Und bei erstelleProduktPanel() mache ich dann ein neues JPanel mit einem BorderLayout (wenn ich das vom ersten KOmmentar umsetzen möchte). Aber wegen dem BorderLayout.NORTH "pickt" das ja schon direkt oben alles.

Ist grad etwas blöd beschrieben, weil ich nicht weiß, wie ichs besser erklären soll, aber grob gesagt, wie schaff ich es, zu sagen, dass das "Register Panel" den gesamten Bildschirm benutzen soll?

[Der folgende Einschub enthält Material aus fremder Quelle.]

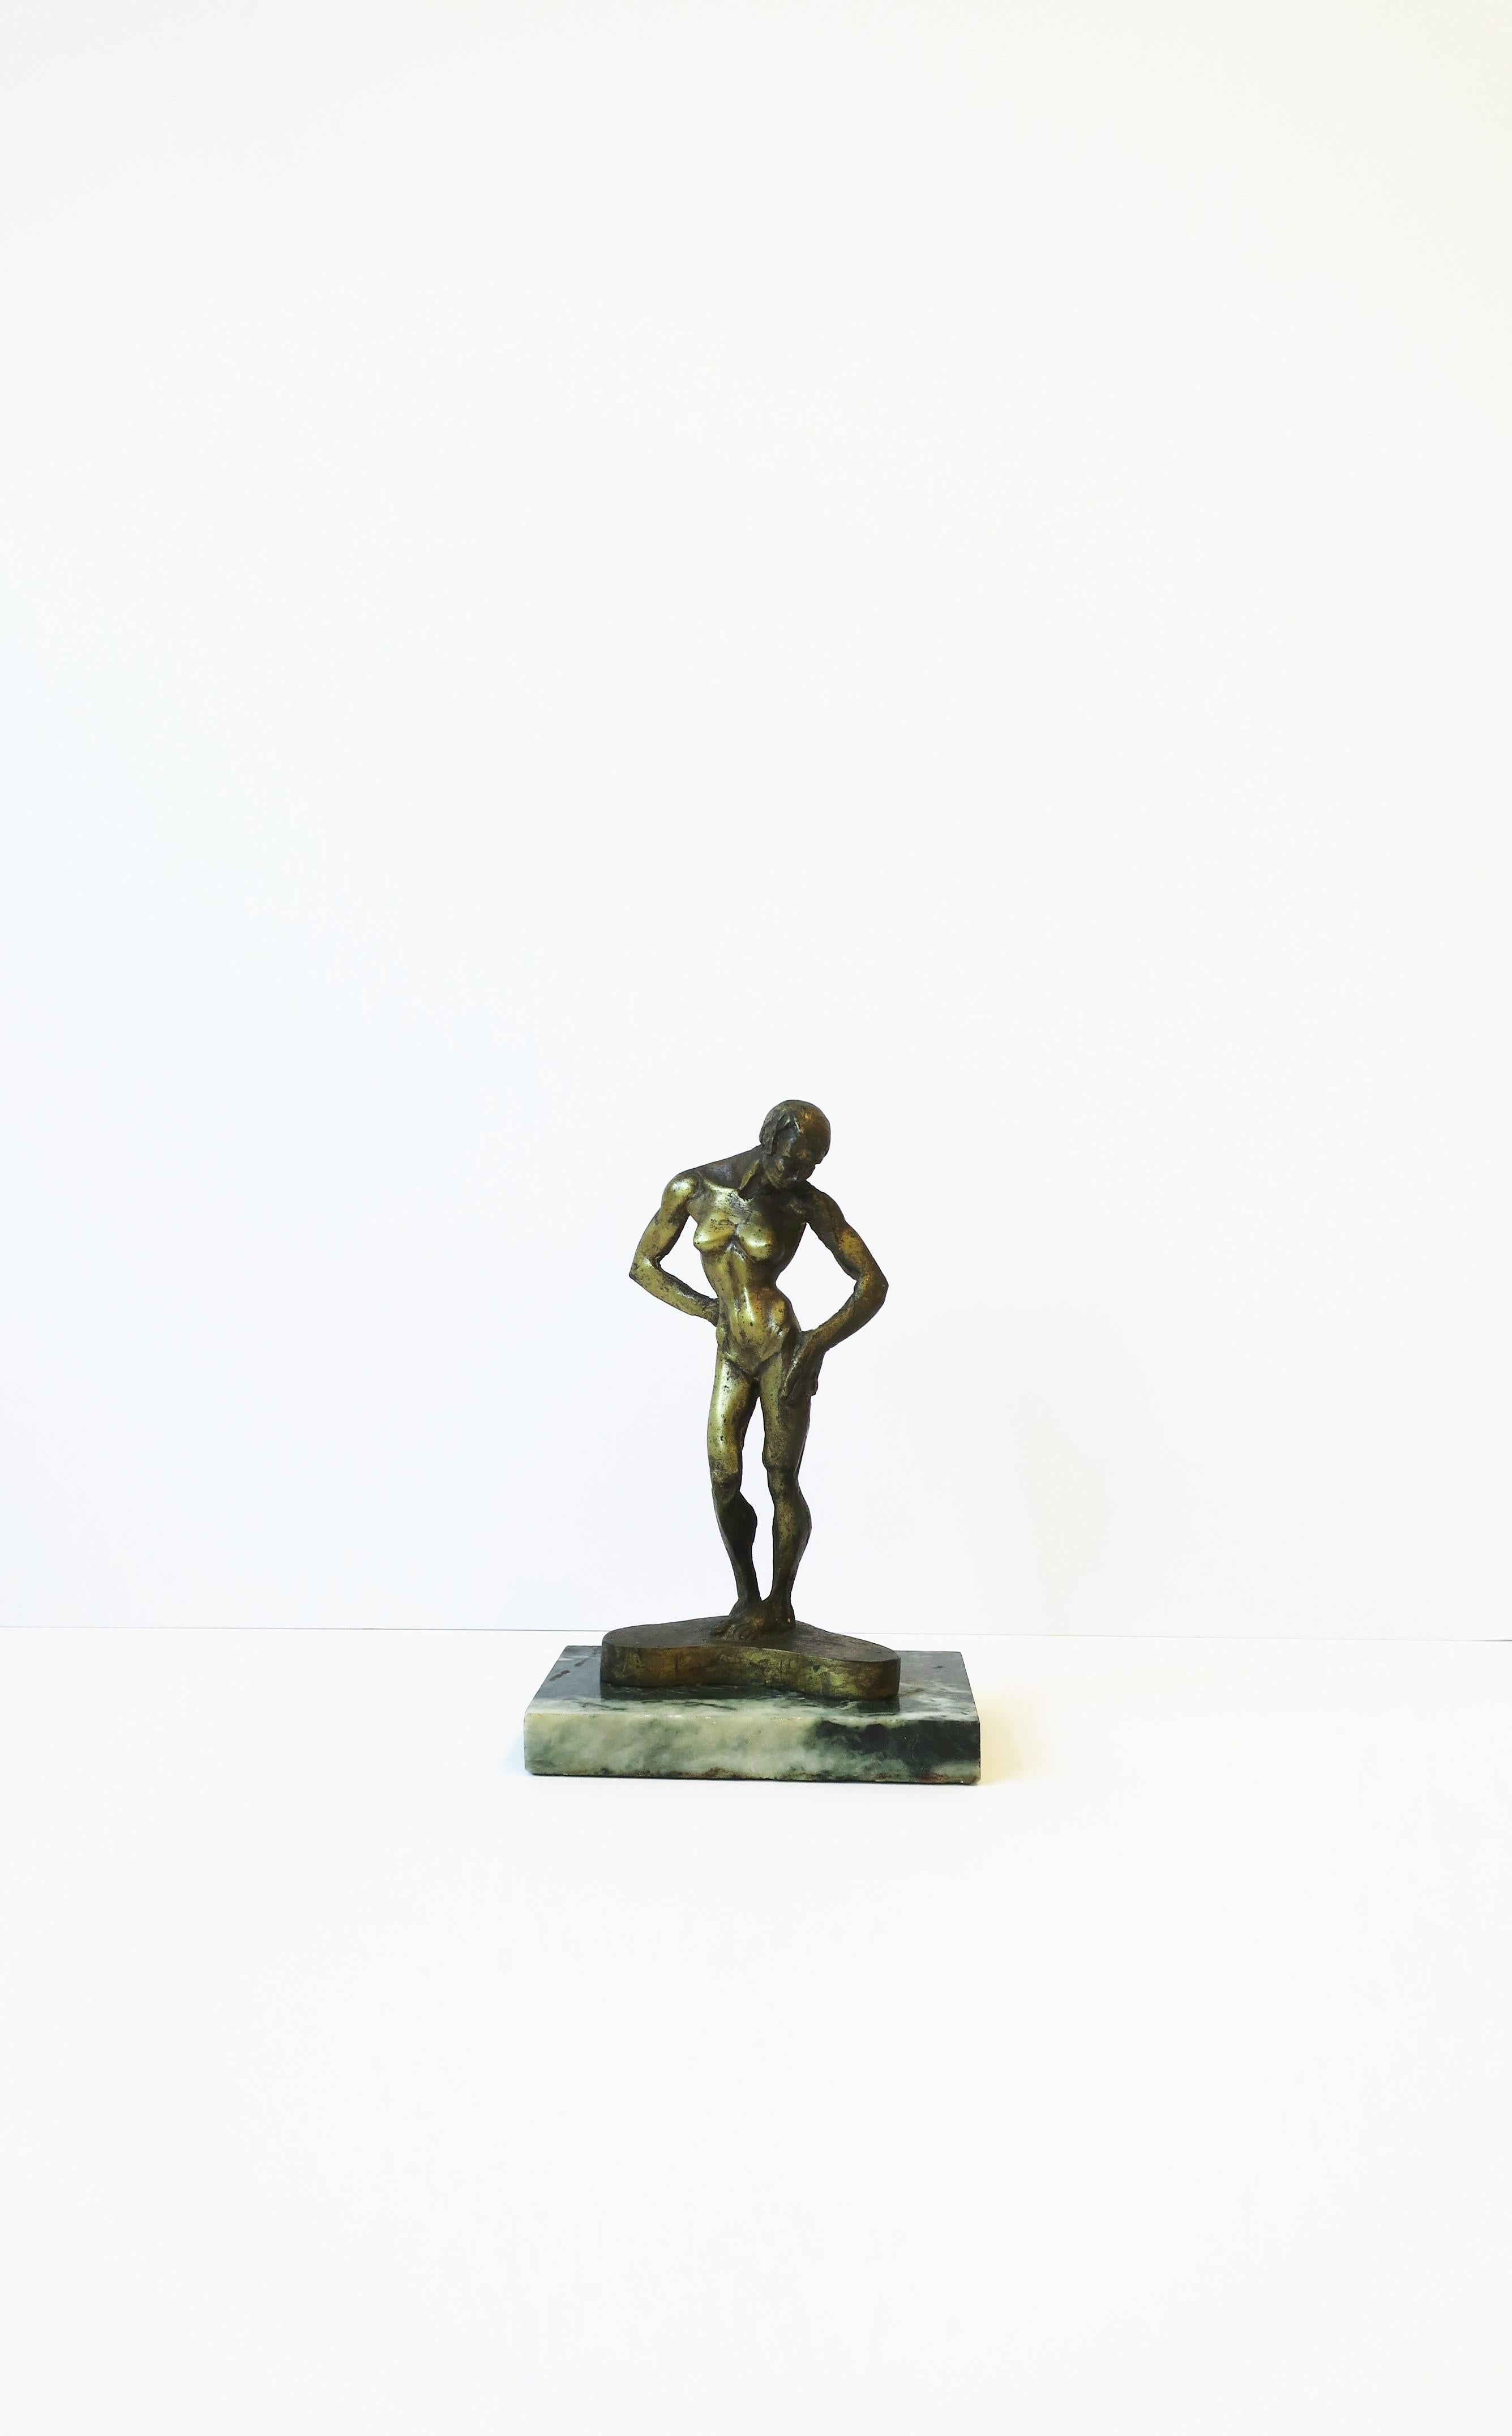 Une belle et importante sculpture figurative féminine en bronze doré, signée et numérotée, sur un socle en marbre vert foncé veiné de blanc, par le sculpteur Michael Whiting, 1977. Sculpture en bronze d'une belle tonalité, représentant une figure
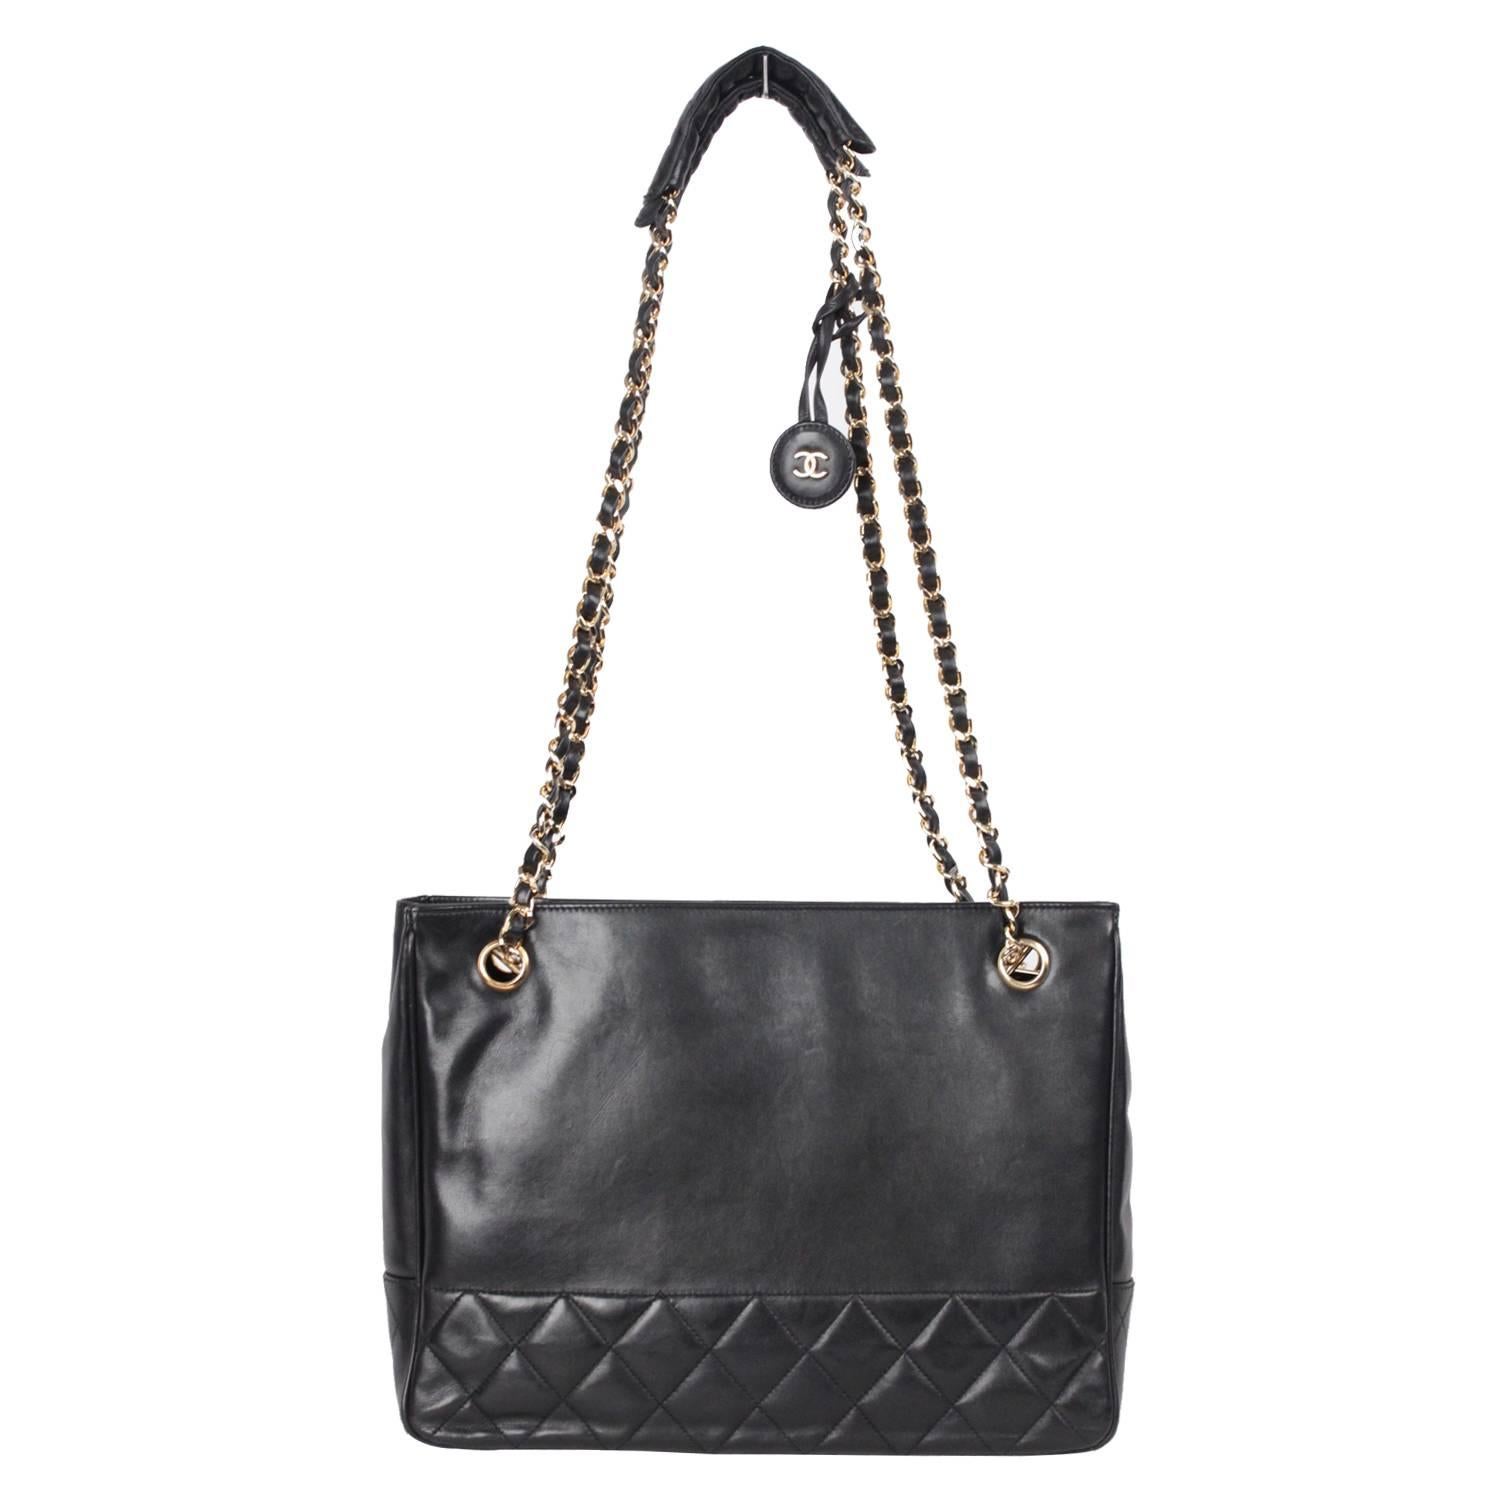 CHANEL Vintage Black Leather SHOULDER BAG Tote w/ Bottom Quilting

edit: Hah, wenn man das North loescht und den Code vom vorherigen Poster (vielen Dank!!) nimmt, gehts perfekt  Jetzt kann ich mir das mal näher ansehen damit ich auch versteh warum  Danke nochmals an euch alle!


----------



## Juggl3r (15. Okt 2012)

Hey,

eine Frage hätte ich noch:
Das mit der Aufteilung passt jetzt eigentlich ganz gut.
Aber jetzt habe ich noch das Problem, das ich da Buttons auf der Oberfläche anordne und wenn das Fenster größer wird, werden die Buttons extrem groß.
Wie macht man das am Besten, dass die Buttons nicht ganz so groß werden (das ist total hässlich).
Ich hab auch schon sowas versucht:
suchenButton.setMaximumSize(new Dimension(20,20));

Das hat aber genau gar keine Auswirkung......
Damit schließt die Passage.